Joshua Gans leaves a summary of Scotchmer's work in innovation economics. Gans' article also includes some moving recollections of Scotchmer from her former student Neil Gandal. Another of Scotchmer's former students, Diane Coyle, was a graduate student at Harvard in the early 1980s when Scotchmer was there as an assistant professor. Coyle writes, "Then, as now, economics was very male-dominated and it was unspeakably encouraging to have a female role model who was highly supportive of students – and a normal human being too, warm, funny, with outside interests."

In addition to her work in innovation economics and patent law, Scotchmer made numerous contributions in mathematical economics, game theory, and public finance. In one interesting paper, "On the Evolution of Attitudes towards Risk in Winner-Take-All Games" (1999) with Eddie Dekel, she studies endogenous preference formation:
"Economists typically take preferences as given. This sets them apart from other social scientists, such as psychologists, who often try to explain preferences. In this paper we explore an evolutionary model where preferences, in particular attitudes toward risk, are endogenously determined."
In another paper, "The short-run and long-run benefits of environmental improvement," she suggests a technique for calculating the social value of nonmarginal improvements to social goods such as environmental improvement. Another interesting paper is "Risk taking and gender in hierarchies" (2008), which sheds some light on the controversy about gender differentials labor market outcomes. Suzanne Scotchmer left a tremendous intellectual and personal legacy and will be greatly missed.

## Saturday, February 1, 2014

### In with Foreign Currency, Out with Foreign Businesspeople: Trouble in Zimbabwe

In February 2009, facing 500 billion percent inflation, Zimbabwe abandoned its currency, replacing it with a multi-currency system. The U.S. dollar, South African rand, British pound, and Botswana pula were all made legal tender.

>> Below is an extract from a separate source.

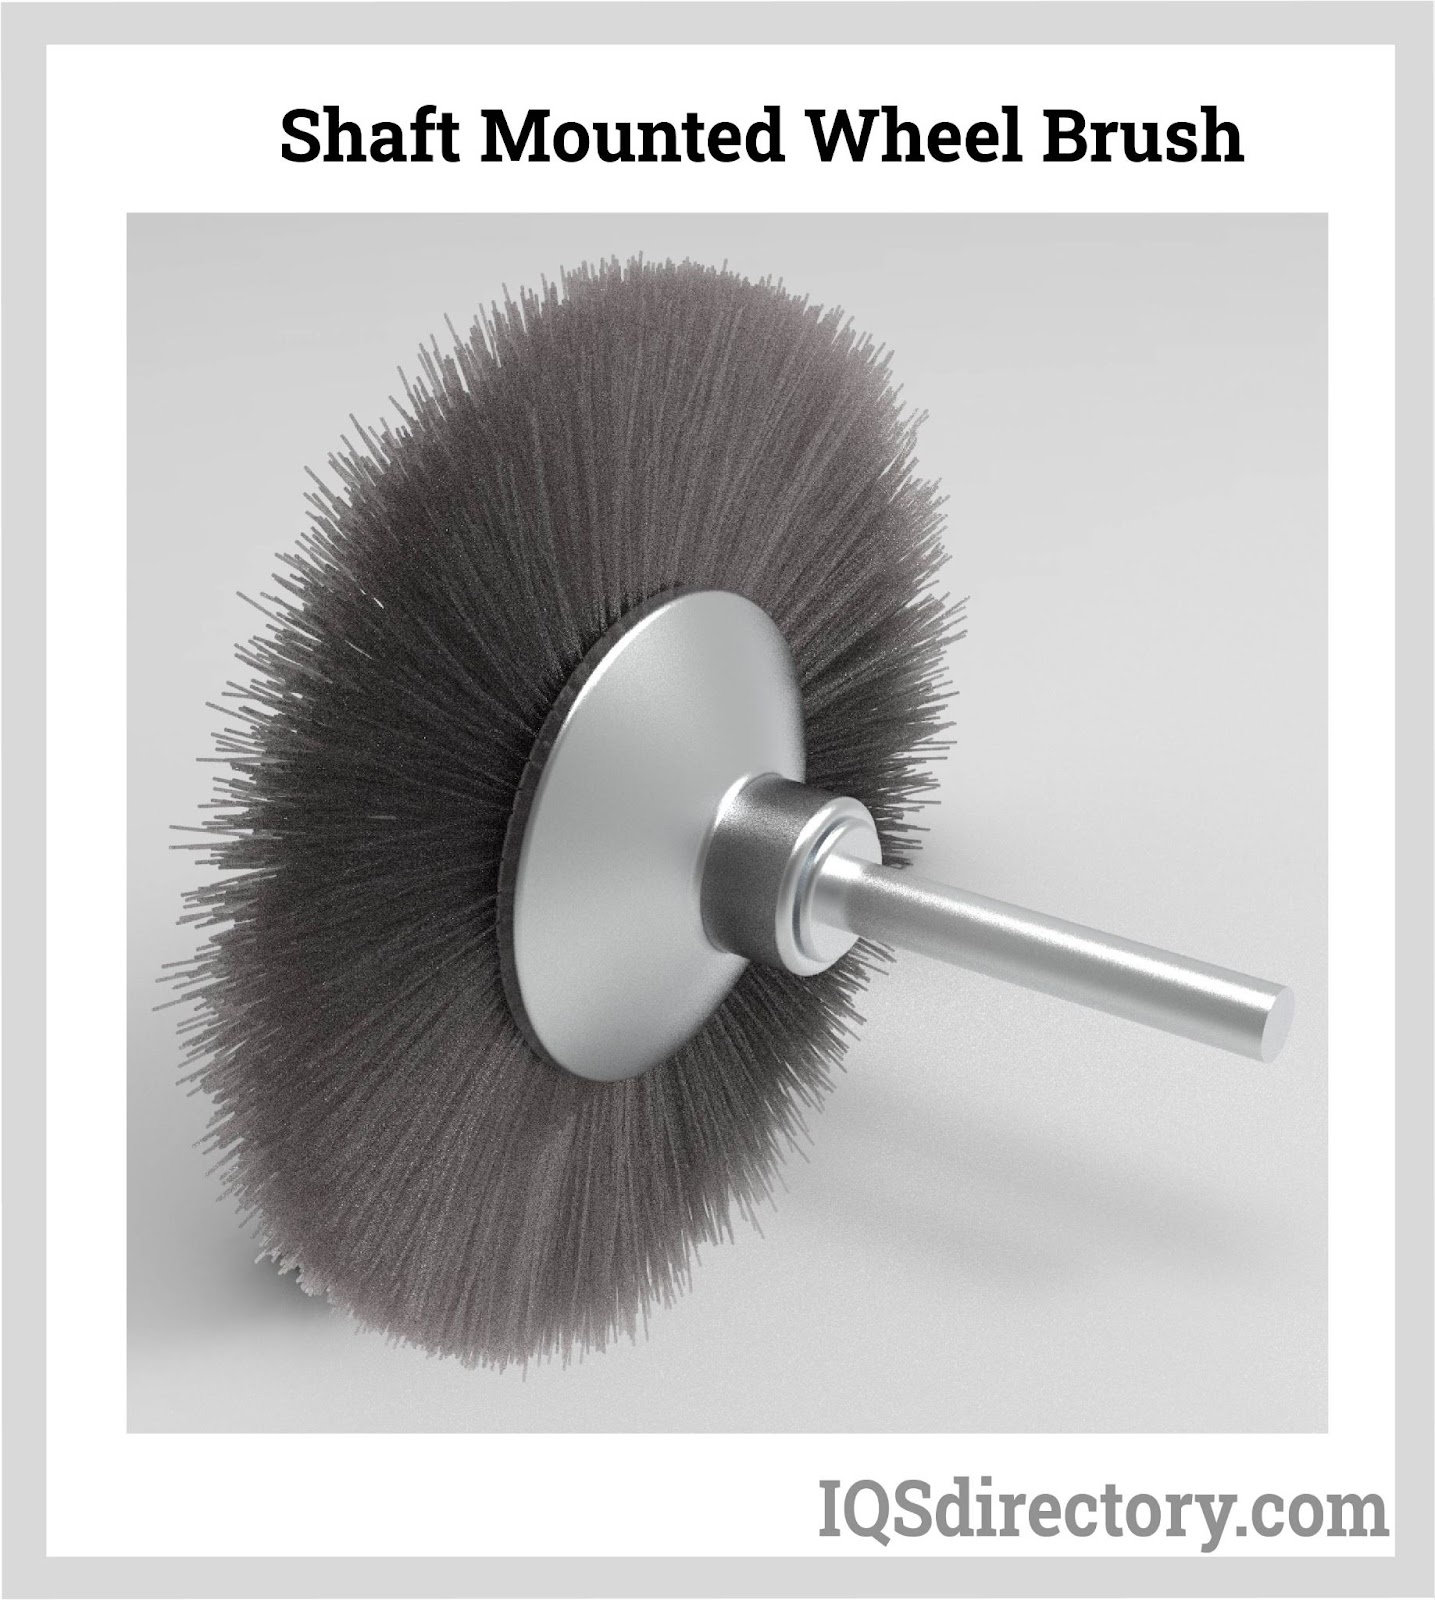 Shaft-Mounted Wheel Brush

On Wednesday, the Reserve Bank of Zimbabwe (RBZ) announced the addition of four more currencies to its legal tender collection: the Australian dollar, Chinese yuan, Japanese yen and Indian rupee.

Charity Dhliwayo, acting Governor of the RBZ, remarked that "Trade and investment ties between Zimbabwe, China, India, Japan and Australia have grown appreciably...It is against this background of growth in trade and investment ties that in the 2014 national budget, the minister of finance and economic development underscored the importance of including other currencies in the basket of already circulating currencies."

The lip service to international trade and investment ties sounds less than sincere in the context of Zimbabwe's "indigenisation policy." Last year, President Robert Mugabe announced that retail business should be owned and run by indigenous Zimbabweans from the start of 2014. The majority of foreign shop owners in Zimbabwe are Nigerian and Chinese-- so although the Chinese yuan is given a status boost as a new legal tender, Chinese business owners are told to get out. Not exactly a great signal for trade and investment ties.

The inclusion of additional currencies as legal tender may actually be a feeble attempt to address what is becoming a fairly severe liquidity crisis. As investors pull funds out of emerging markets, the crisis is deepening. Maybe the idea is that more kinds of money means more money. Critics say that more kinds of money will only mean more chaos.

What makes the whole situation a lot scarier, in my opinion, is that when Zimbabwe gave up its own currency, the RBZ gave up its role as lender of last resort (LOLR). If I remember one thing from Brad DeLong's economic history class, it is "Lend freely, at penalty rate." The RBZ plans to restore its LOLR function by March, but is struggling to recapitalize the LOLR facility in the amount of $150 to$200 million. (Yep, million with an m. Startling when there are 1,426 billionaires in the world.) Possibly too little, probably too late.